Italy and Germany banned neonicotinoids several years later in 2008, and Brazil recently banned Bayer’s “Liberty Link” maize because of a lack of impact assessments. By 2009, reports from Italy’s non-neonicotinoid maize fields were of zero bee losses.
In the UK, the Co-Op prohibited neonicotinoids in 2009 after a lack of action by the Government and is funding an ongoing three year study into its effects on bees’ brains. This year, 76 MP’s signed an Early Day Motion (EDM1267) demanding action on neonicotinoids after a Wikileaks document in November 2010 revealed that the US EPA (Environmental Protection Agency) knows that neonicotinoids are causing harm to bees, but has no plans to suspend its use.
In April this year, DEFRA (Department of Food and Rural Affairs) stated there is no evidence to suggest a link between bee die-offs and systemic pesticides. This is not surprising given that the Foresight report from UK’s Chief Scientist 2 is urging the “sustainable intensification of agriculture” using GM technologies.
But banning neonicotinoids outright will not be easy because Bayer is sitting on the board on International Committee of Plant-Bee Relationships alongside representatives of BASF and Syngenta.
Meanwhile, scientists say that bees are protecting hives by sealing off tainted pollen with sticky propolis.

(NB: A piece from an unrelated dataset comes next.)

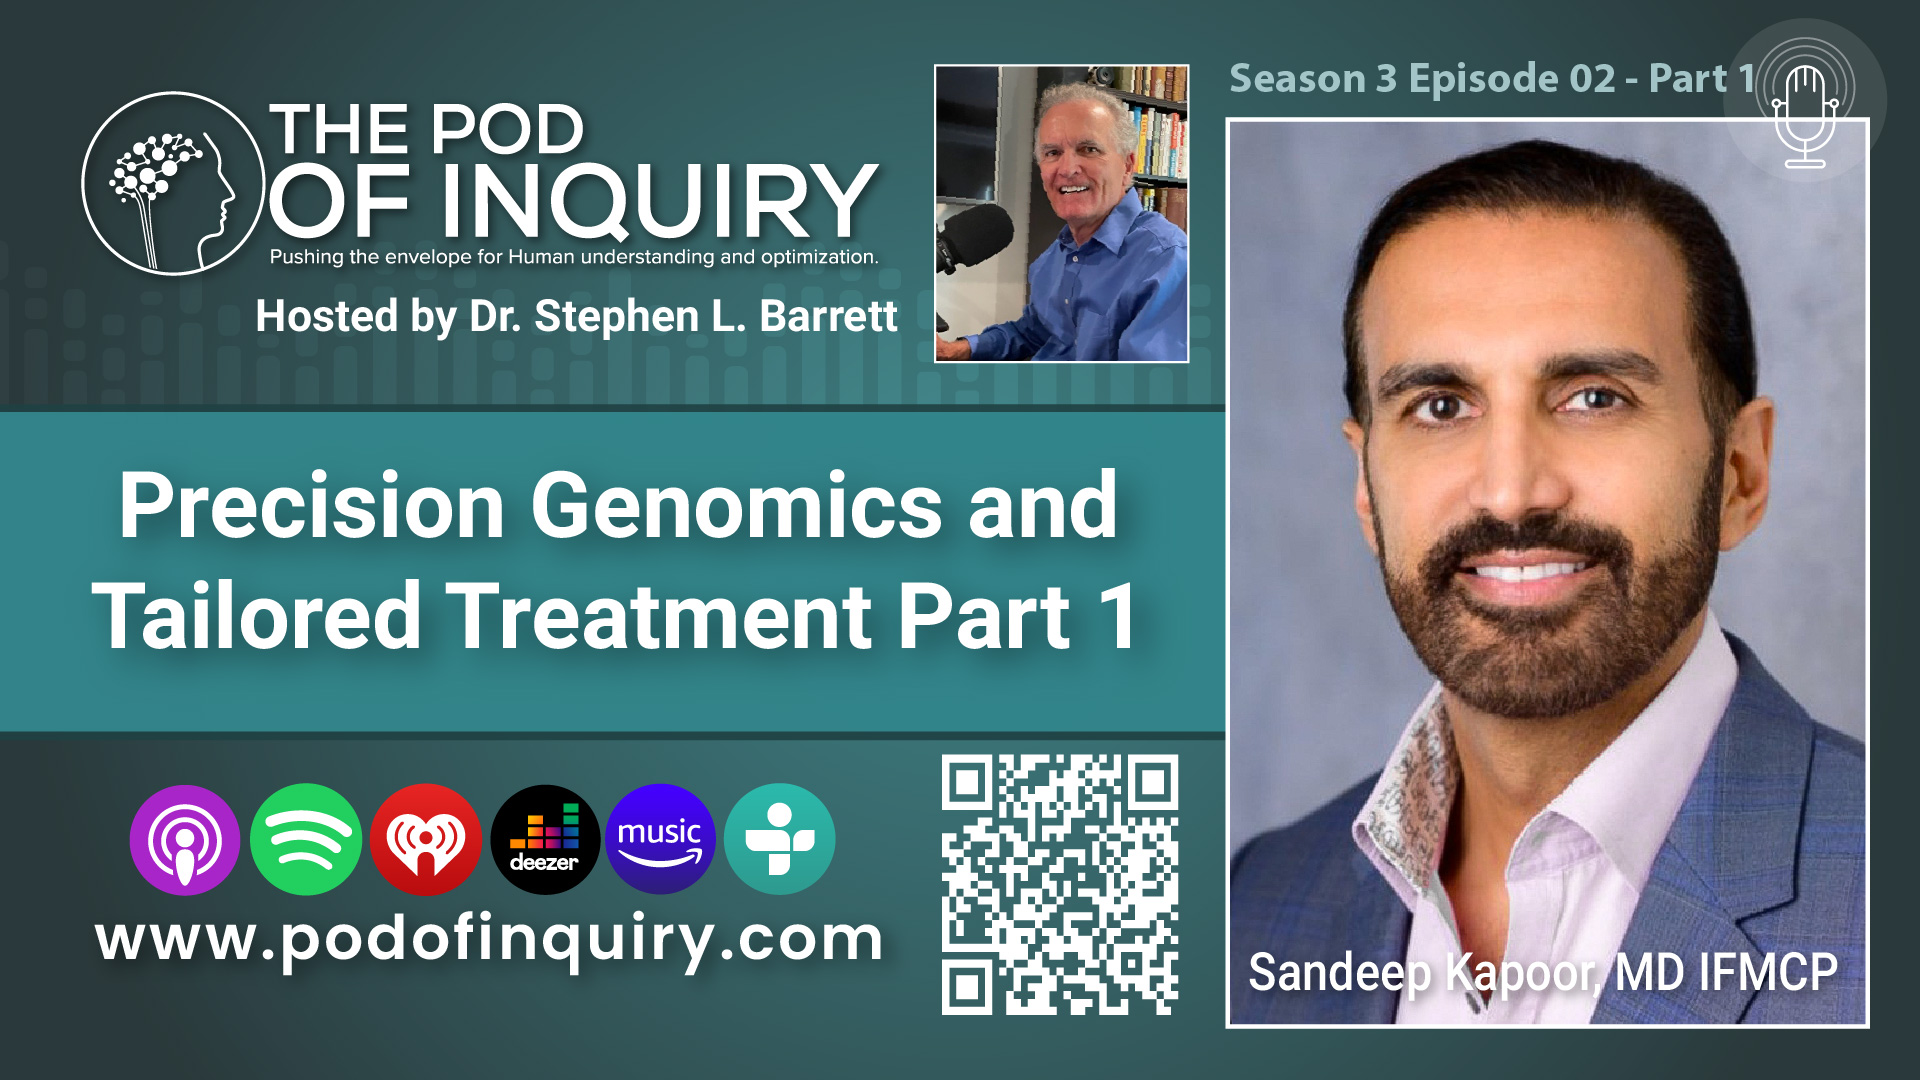 Precision Genomics and Tailored Treatment P1 w Sandeep Kapoor, MD IFMCP

GM needs huge cash injections
All the hype about GM crops feeding the world has ended in disappointment for many. But it has opened lucrative doors for Monsanto, which recently attracted a high-profile patron. Last year Bill Gates stepped up to acquire $23 million of shares in Monsanto and put $26.8 million into successfully cracking the gene code of wheat.
A further $100 million in grants donated by the Bill and Melinda Gates Foundation on behalf of Monsanto is an effort to capture Africa’s huge seed market, and according to FOE, to undermine the policies supporting traditional farming in Africa. Via Campesina has responded by saying, “No foundation should tell a Nation what to grow.”

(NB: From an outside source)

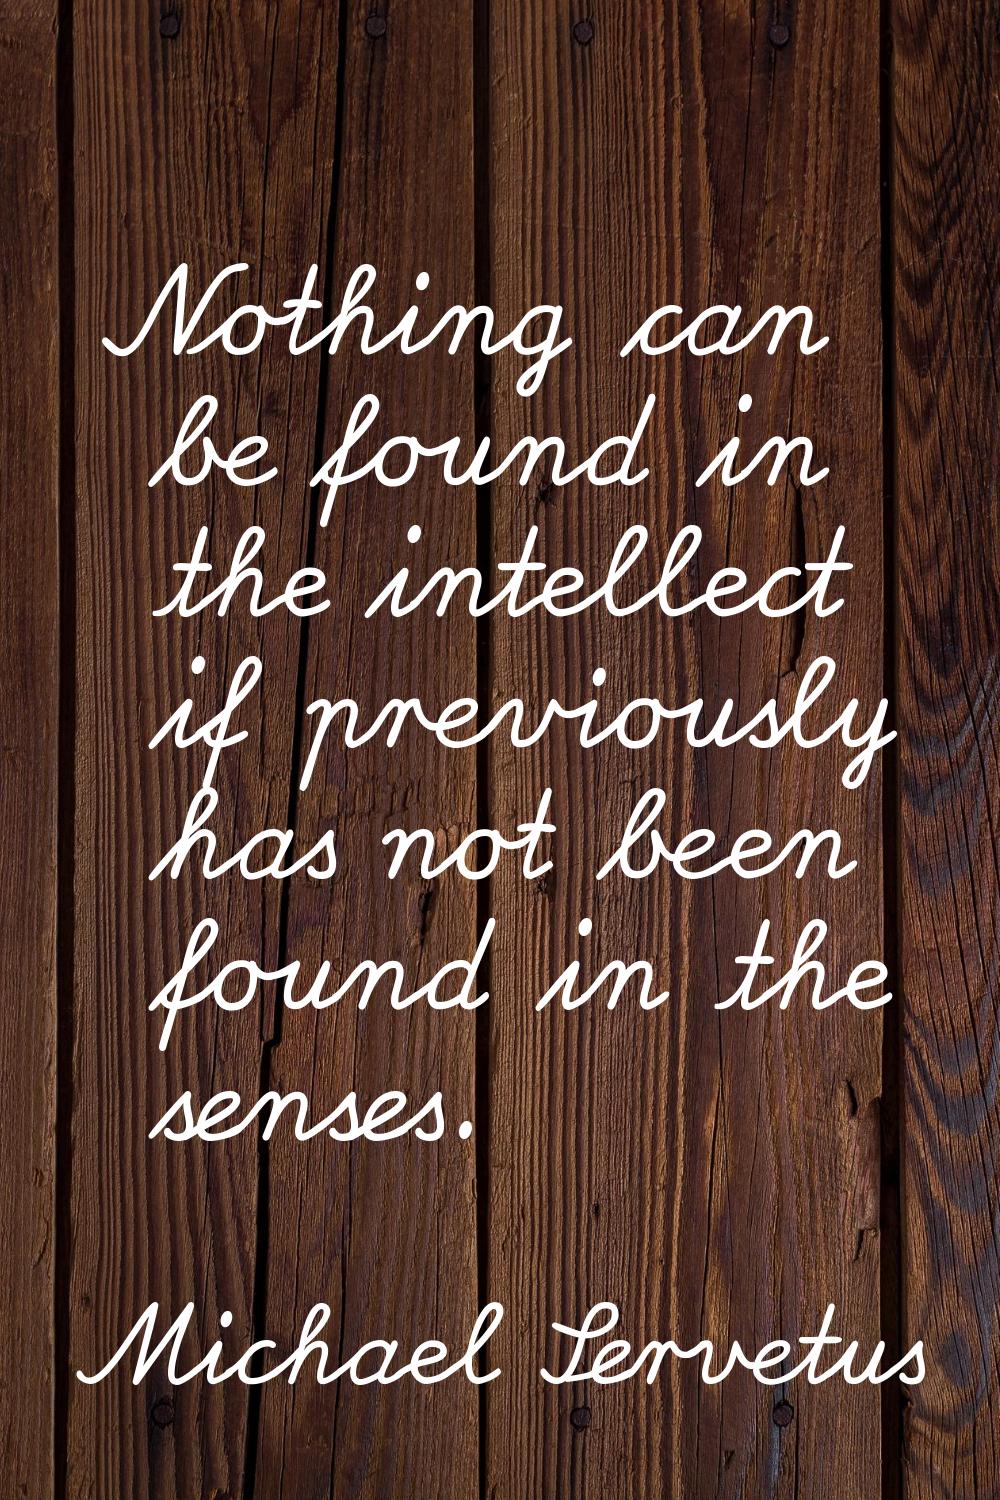 Nothing can be found in the intellect if previously has not been found in the senses.

The Gates Foundation has also donated Monsanto’s seeds and agrichemical to disaster struck Haiti.
Agroecology alleviates hunger and poverty
The Via Campesina receives modest funding from charities such as Grassroots International3. In Latin America, India and Asia, the Via Campesina has adapted to climate change and local conditions by applying ecological concepts and the practical science of agroecology to conserve land and water resources and to produce more food on less land.

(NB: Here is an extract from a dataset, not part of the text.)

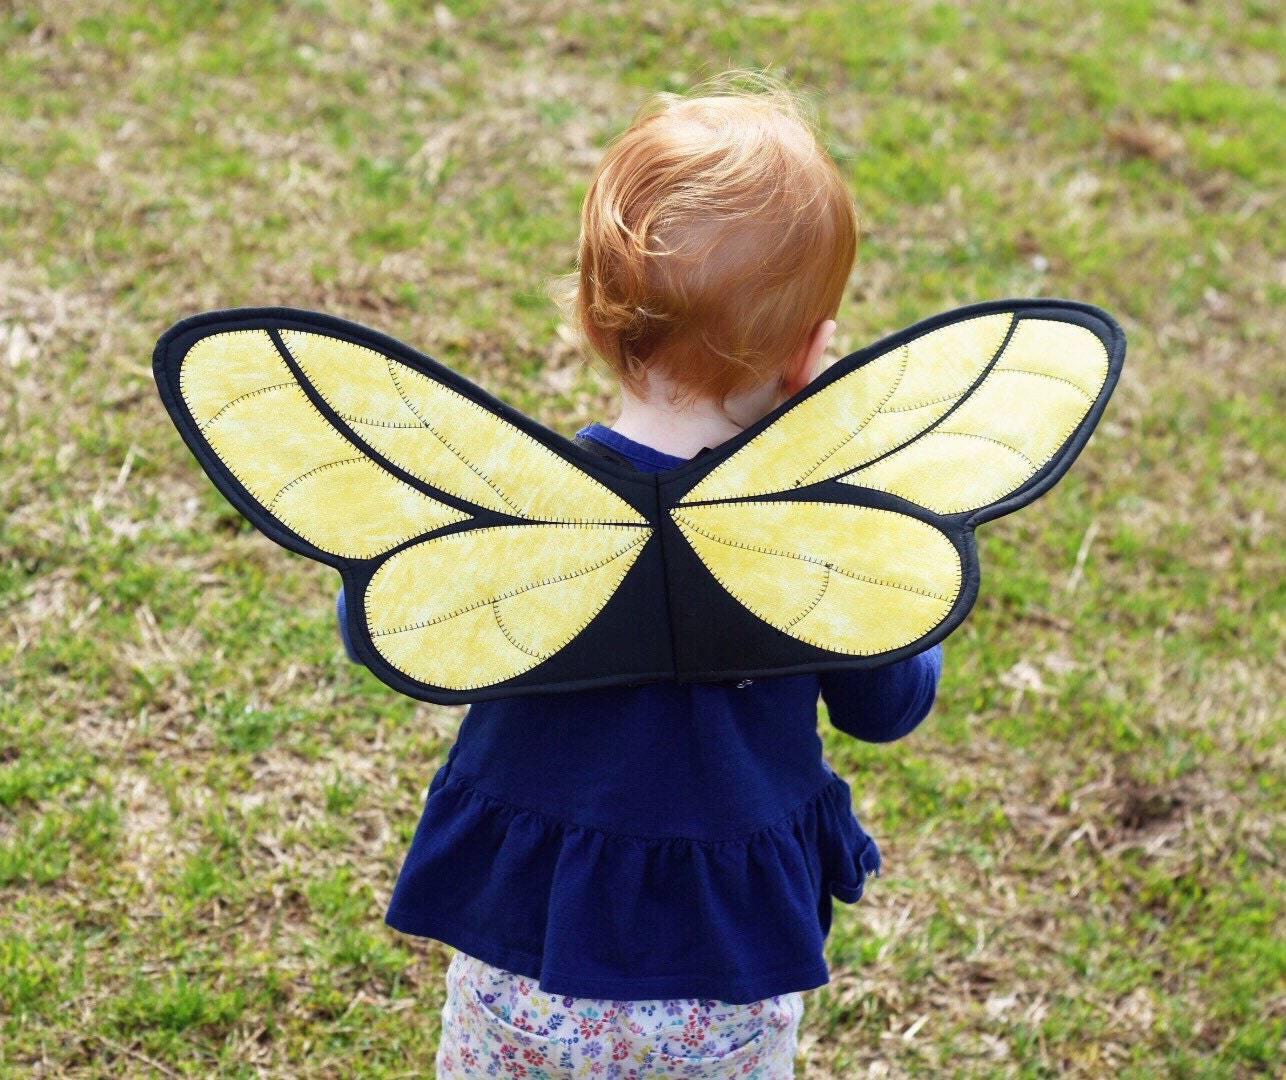 Funcredible Bumble Bee Costume Accessories Bee Wings and Bee

Agroecology is helping to break down the dominant market model that thrives on competition to produce cheap food for export, trapping people in hunger and poverty. Instead, Campesinos grow enough food to eat and trade surpluses in local markets. By diversifying food growing and distribution systems Via Campesina support local economies, employment, education and healthcare, seed saving, seed swapping and scientific research, all linking back to food secure communities.
Hans Herren is the World Food Prize Laureate (1995), President of the Millennium Institute, and the co-author of the leading international report on agriculture4 in which 400 scientists and 200 experts have said that business as usual is no longer an option and agree with the methods of the Via Campesina.
Addressing the new All Party Parliamentary Group on Agroecology at Westminster, Herren said in giving corporations control of seeds, “We have given away the family silver to them. We must boycott big companies because they fear that and demand labelling for what has been used and what has not been used.”
Climate change is still the main concern in securing the future of food and richer countries can start by reducing food waste. For instance, Britain bins 8.3 million tonnes of food every year5 making more greenhouse gas emissions and wasting the water and energy that produced it.
*Sam Burcher holds an MSc in Education for Sustainability and is co-author of Food Futures Now (ISIS/TWN 2008.